■ **REQUIRED WORK**
With the pictures left out, please write out exactly each line from the one containing "RE/MAX Incentro Salerno" through the end of the material.

■ **STORED DATA**
☆ ☆ ☆
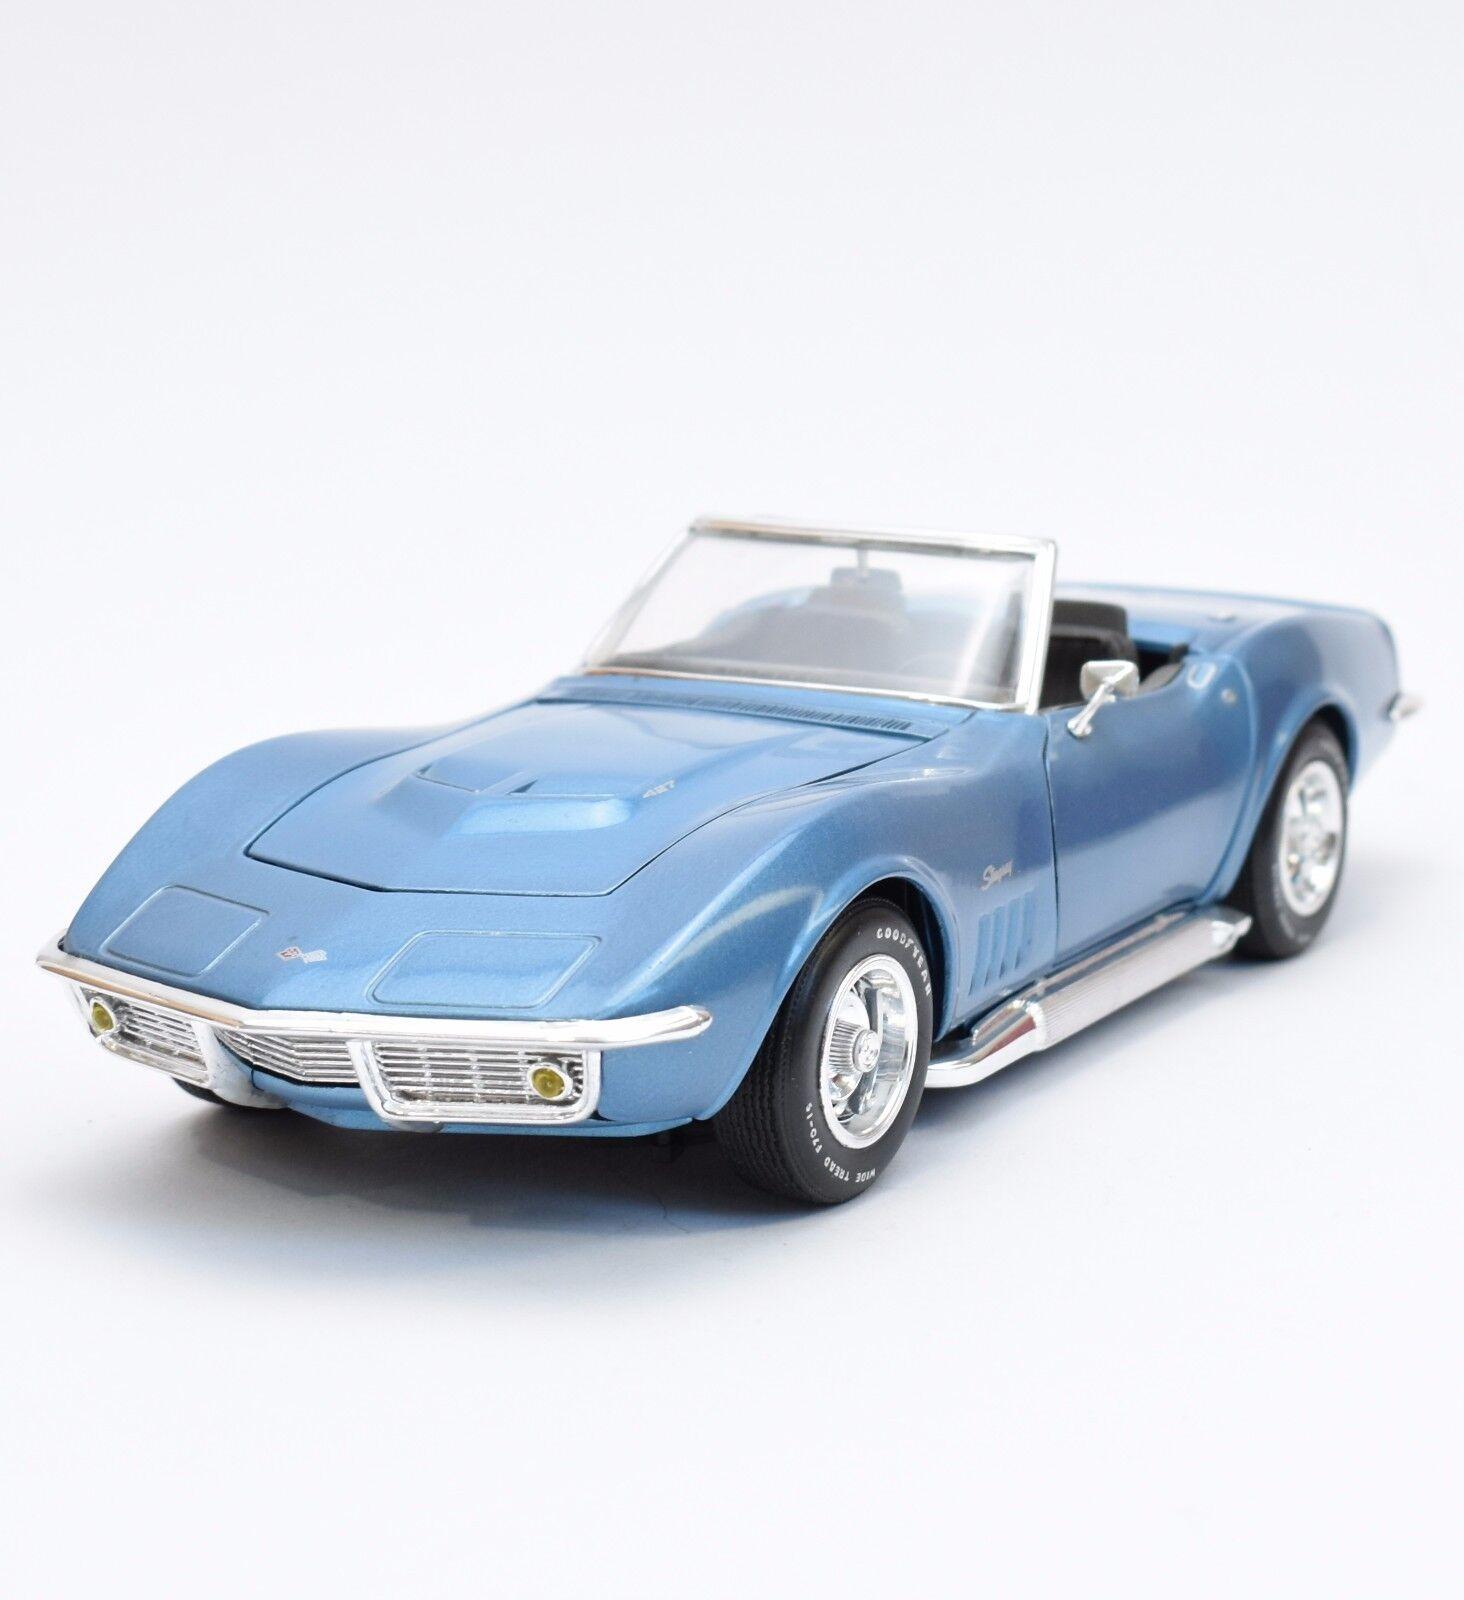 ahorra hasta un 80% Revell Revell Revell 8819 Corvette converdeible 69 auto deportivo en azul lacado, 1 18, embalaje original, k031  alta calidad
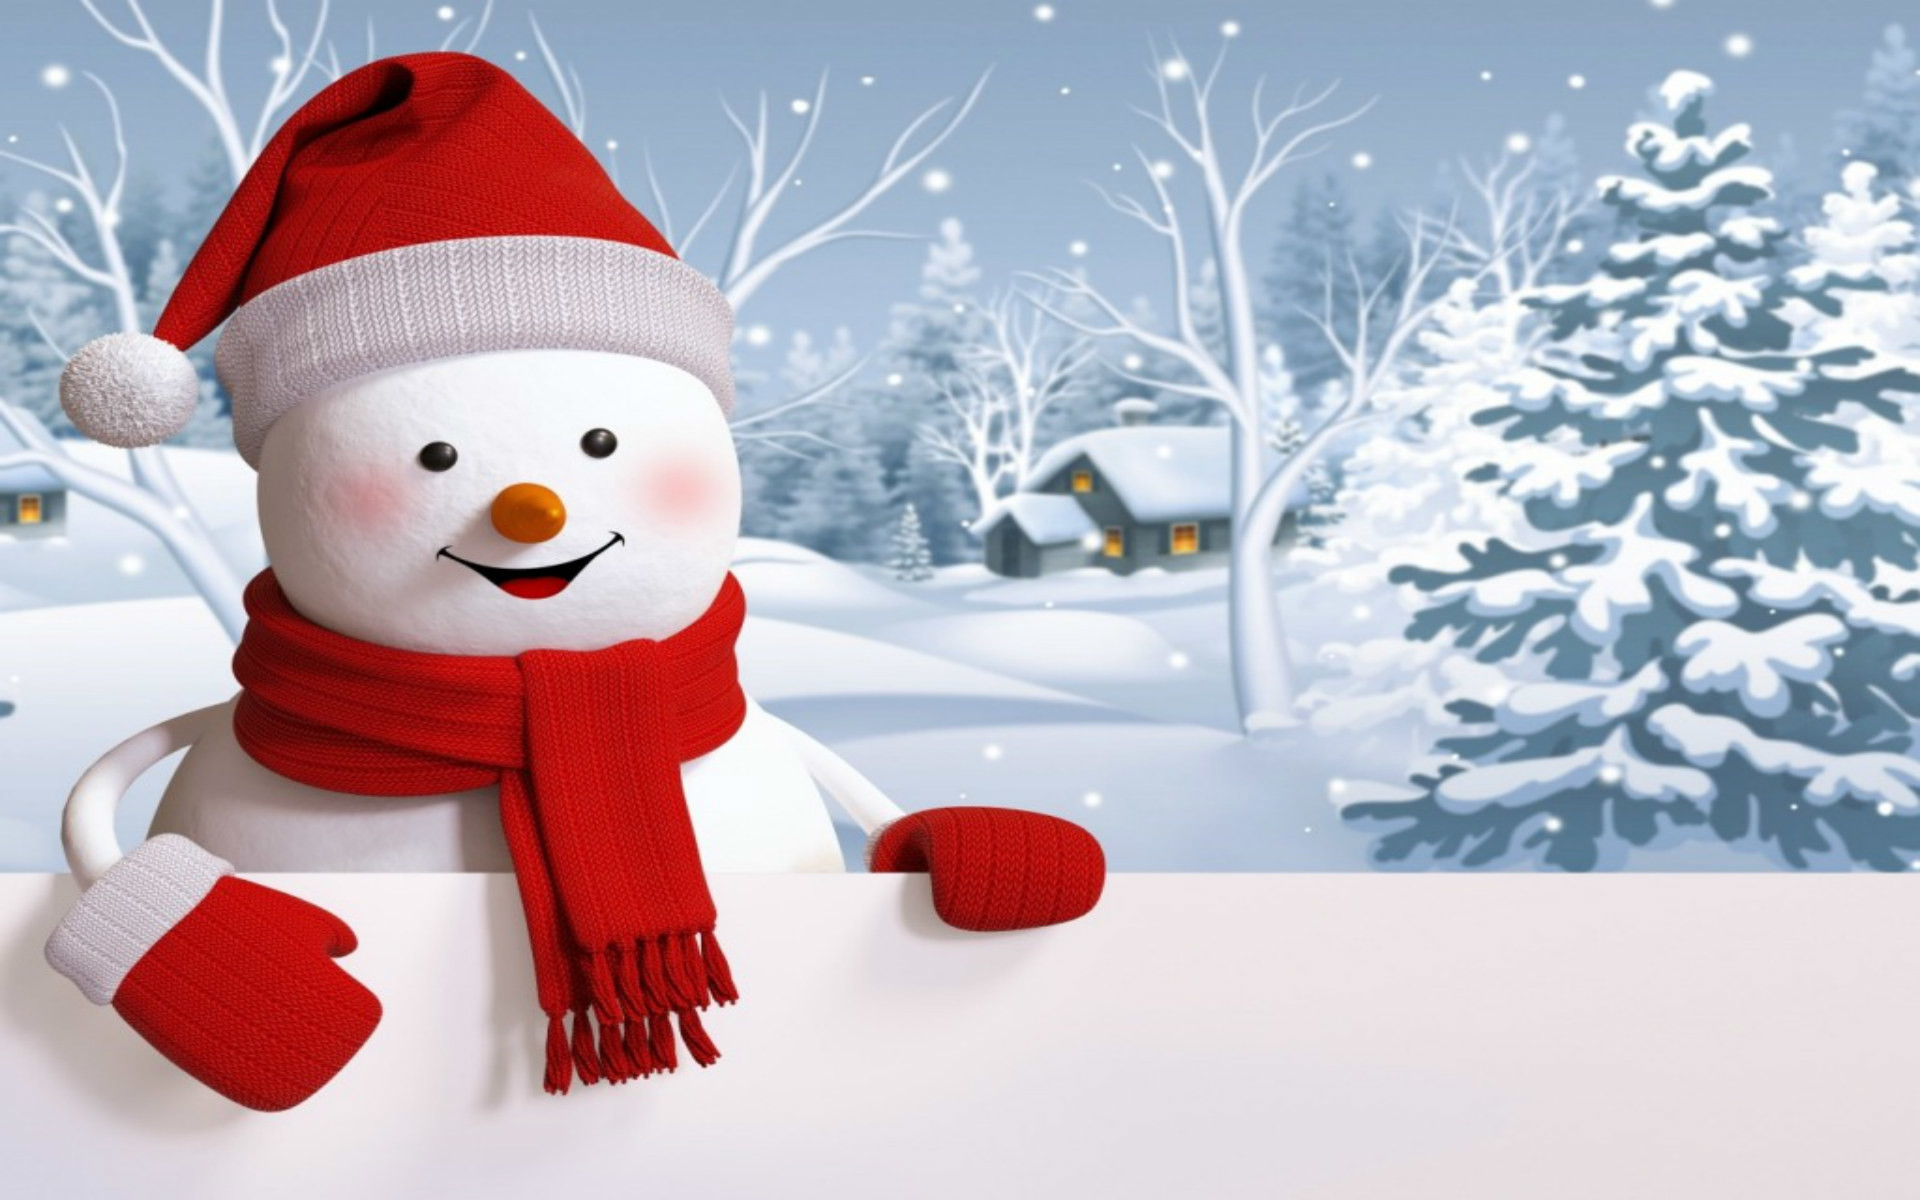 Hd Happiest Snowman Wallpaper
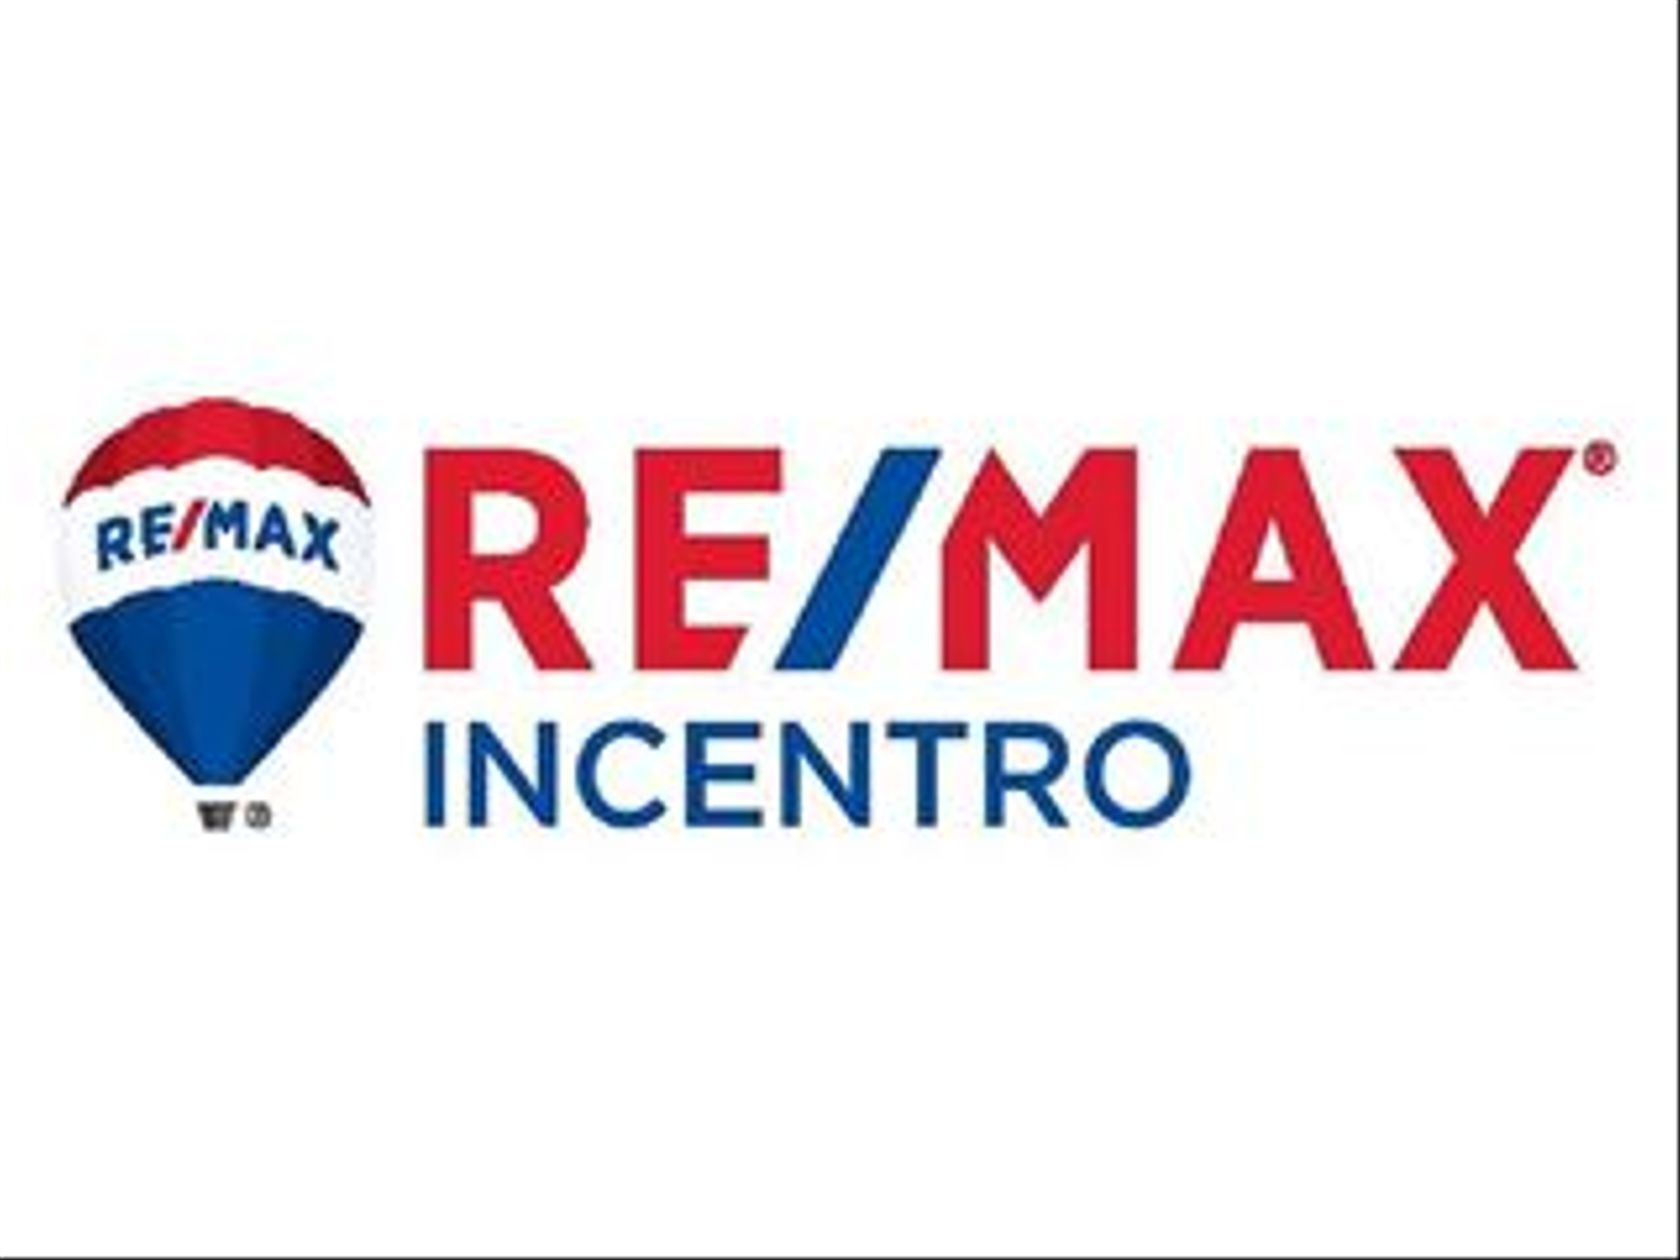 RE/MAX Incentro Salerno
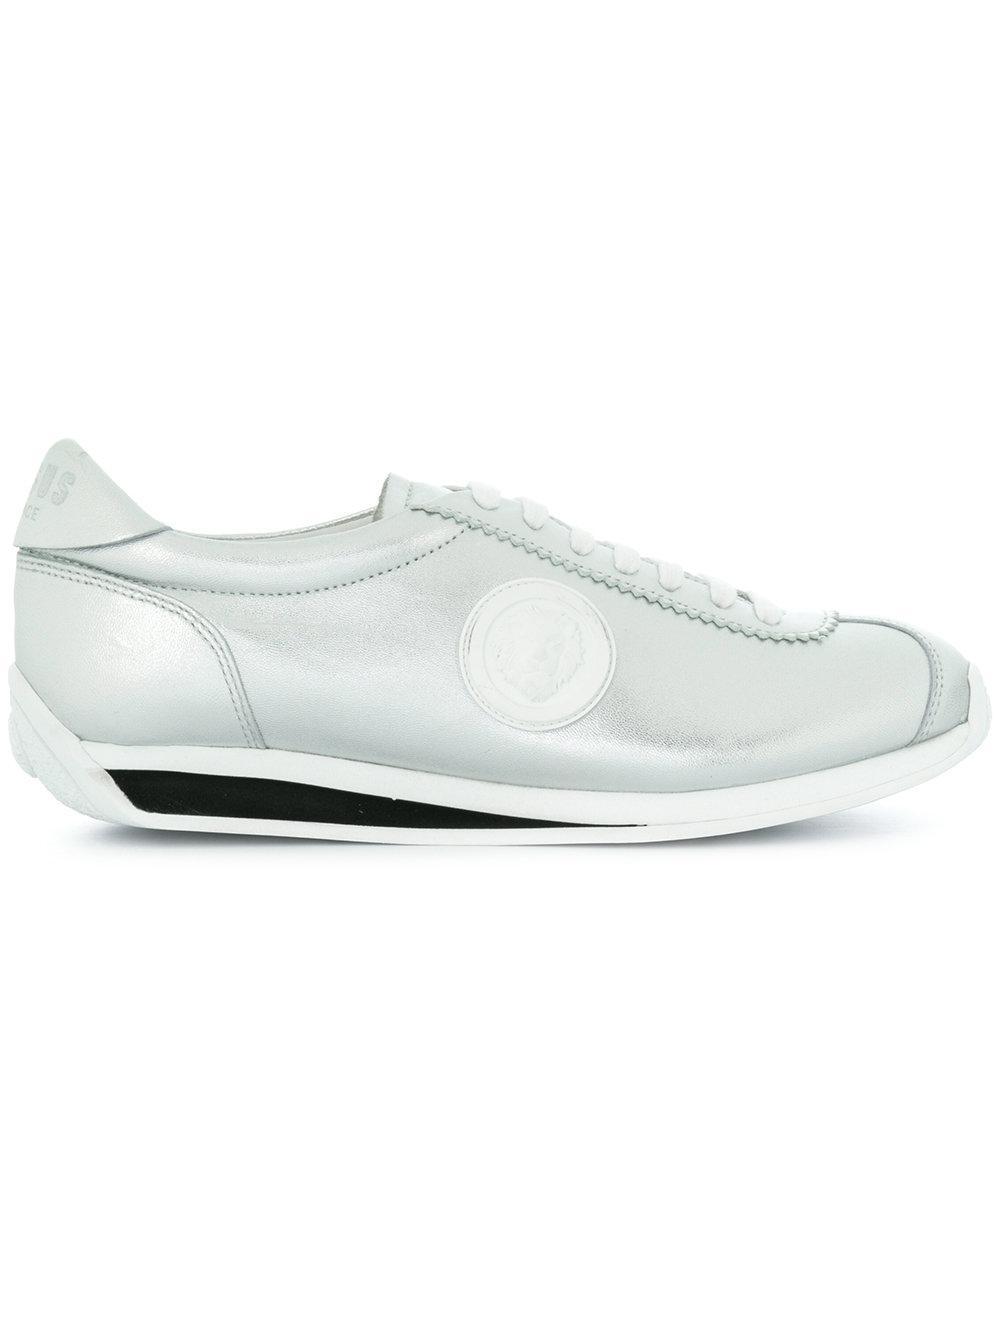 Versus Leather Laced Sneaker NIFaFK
☆ ☆ ☆
■ **EXERCISE SOLUTION**
 RE/MAX Incentro Salerno
 Versus Leather Laced Sneaker NIFaFK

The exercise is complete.